Of course, it’s Texas, so they can’t really do much in the way of gun control even if they want to. As for buybacks, they can. The problem is that a recent memo from none other than Austin police chief Joe Chacon and the city’s director of development proposing options for a local initiative lays out some harsh truths about buybacks.

In response to Council asking for information on a possible gun buyback program, the memo advises against that step.

Based on data from a pair of gun buyback programs run by the city in 2010 and 2011, Chacon said another buyback program would likely not have a significant impact on street crime. While the programs, which cost $70,000 total to run, brought in 735 weapons, he said most of the firearms were unwanted guns gifted or bequeathed to family members.

The effectiveness of the programs was possibly undermined by the fact that private buyers set up outside the exchange centers were offering more than the $100 and $200 gift cards the city had available as an incentive.

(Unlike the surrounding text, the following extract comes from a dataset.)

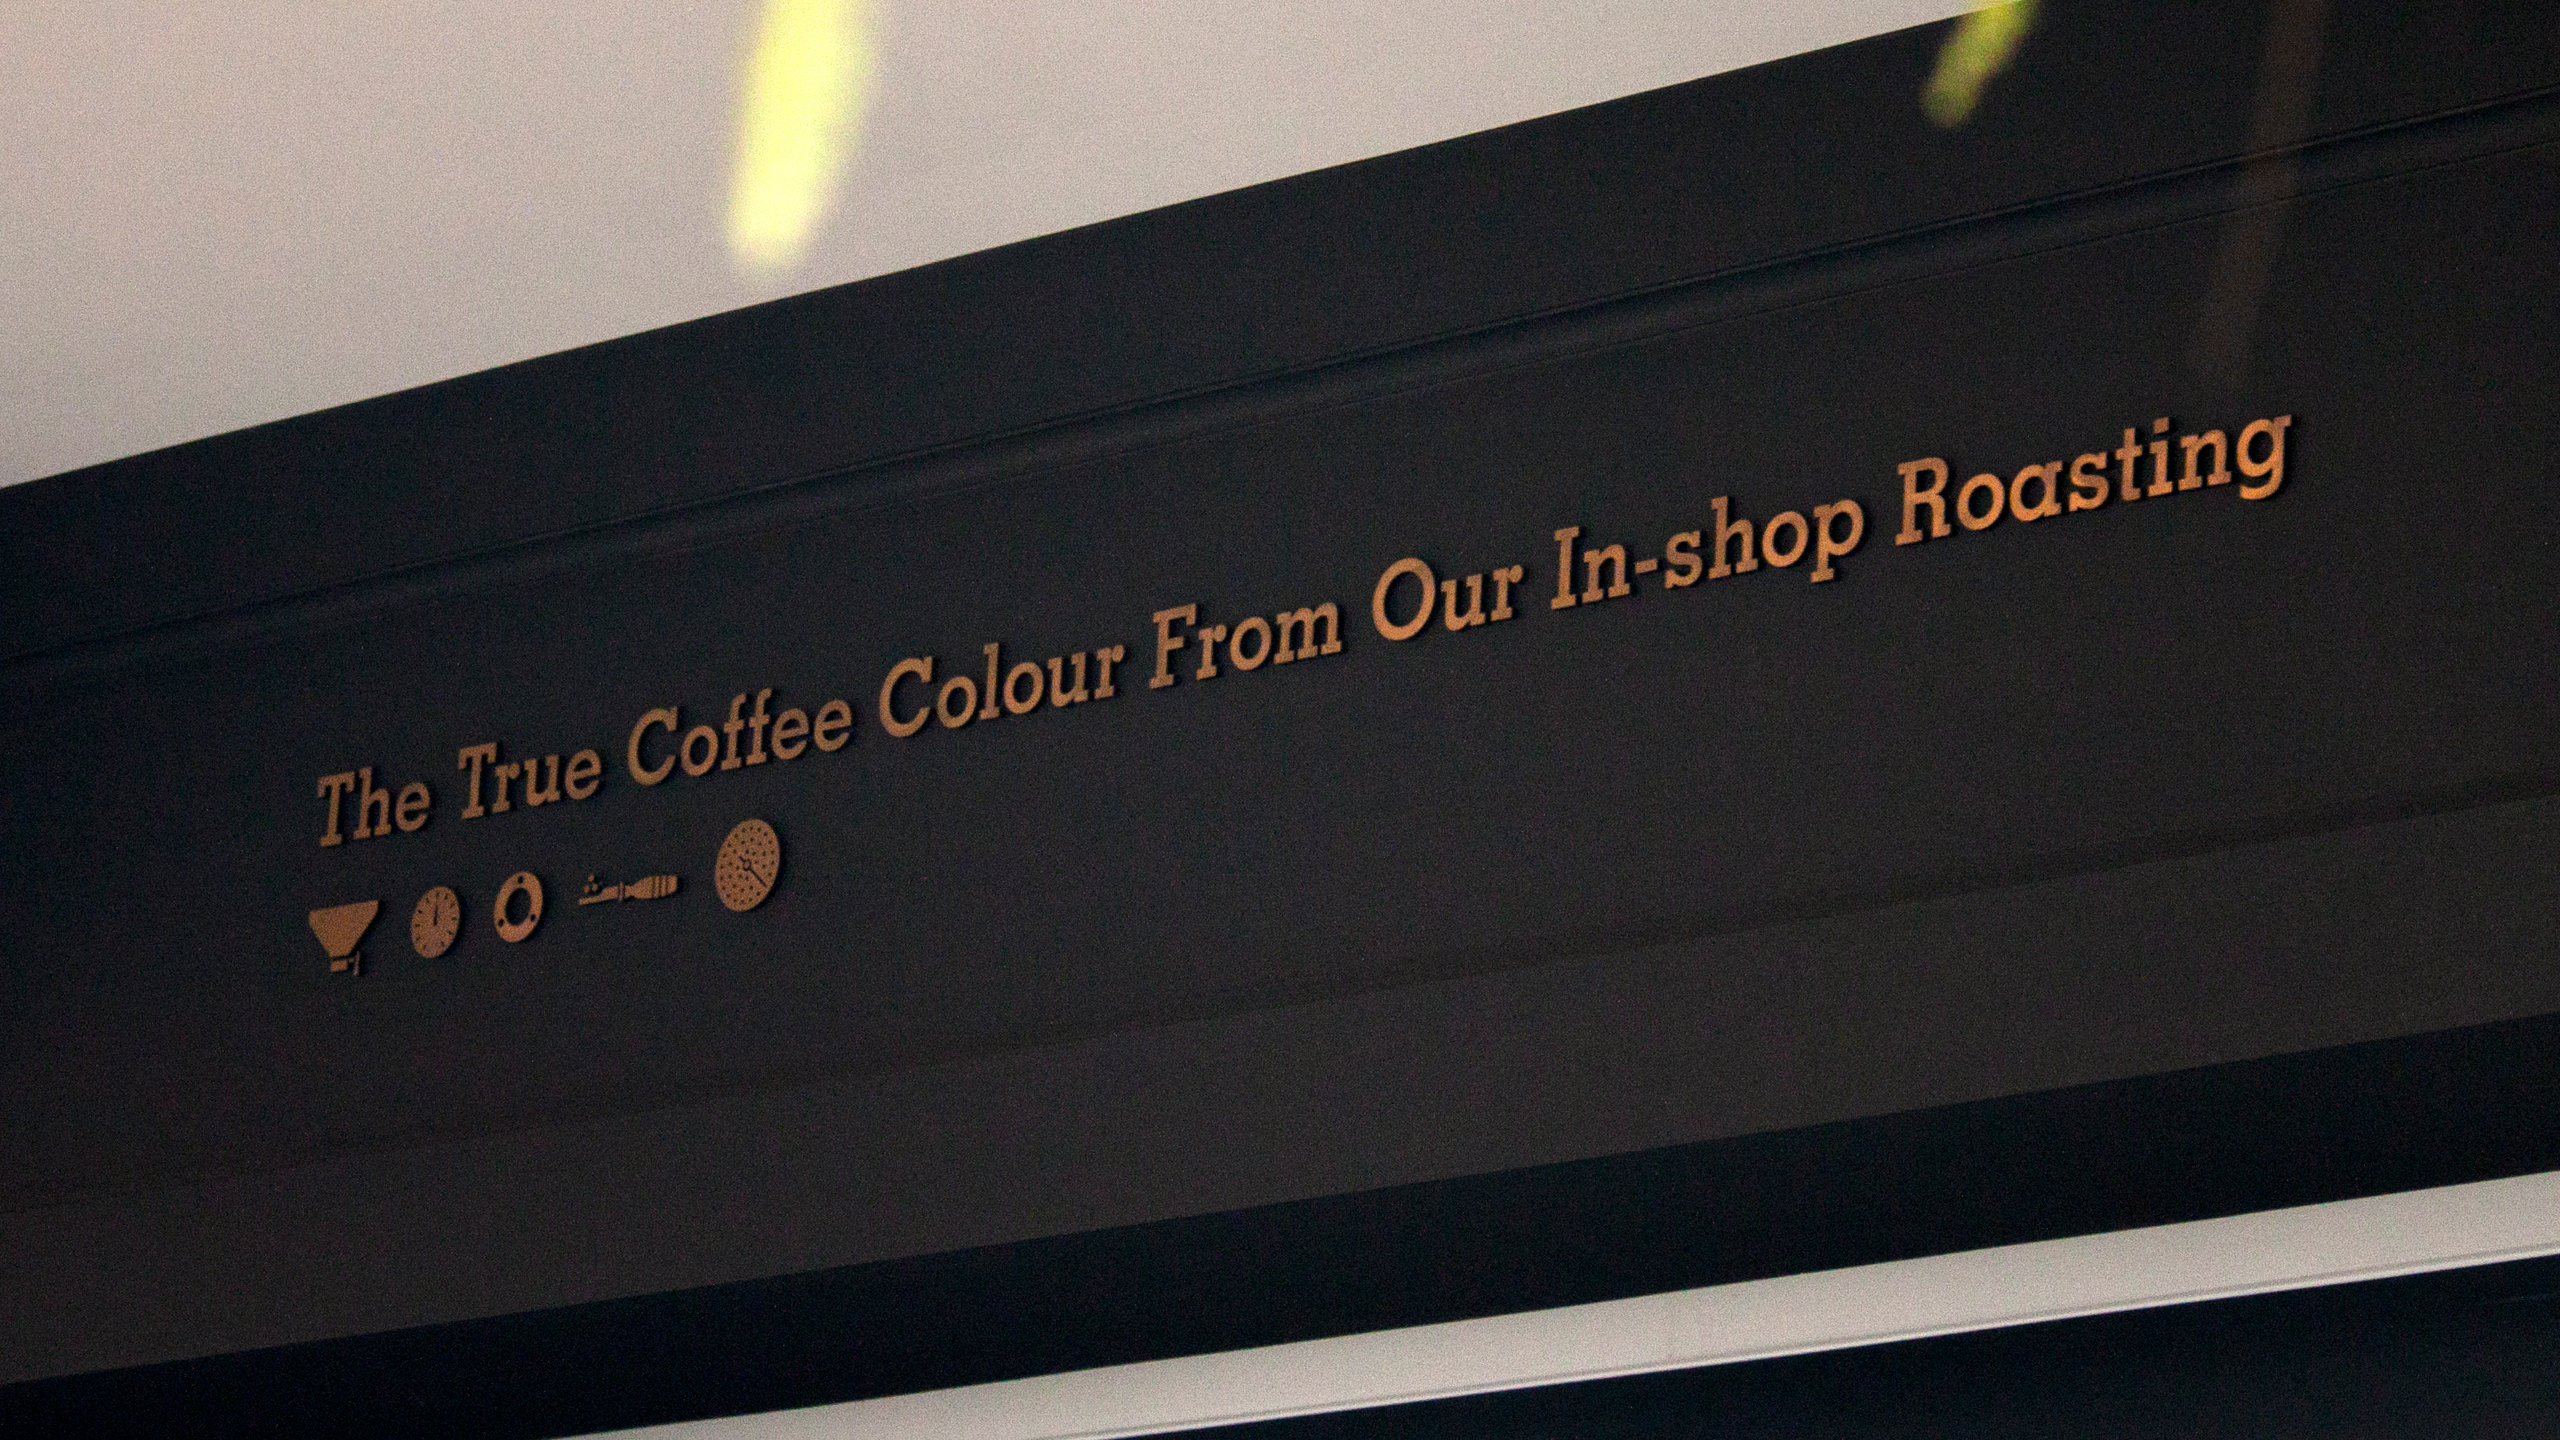 The True Coffee Colour From Our In-Shop Roasting

A no-questions-asked gun surrender program started in 2020 and operated for one quarter before being suspended due to concerns over the Covid-19 pandemic. That program yielded 65 firearms and more than 1,000 rounds of ammunition, but [Chief Joe] Chacon wrote that most of those unwanted guns were unlikely to be involved in the kinds of violent crimes the city is specifically interested in stopping.

He wrote: “If the goal is to reduce gun violence and associated crime, gun buybacks are viewed as ineffective, as research suggests that firearms turned in by the public are the least likely to be associated with gun-related crimes and violence, and no empirical research has shown significant changes in gun-related crimes due to these programs.”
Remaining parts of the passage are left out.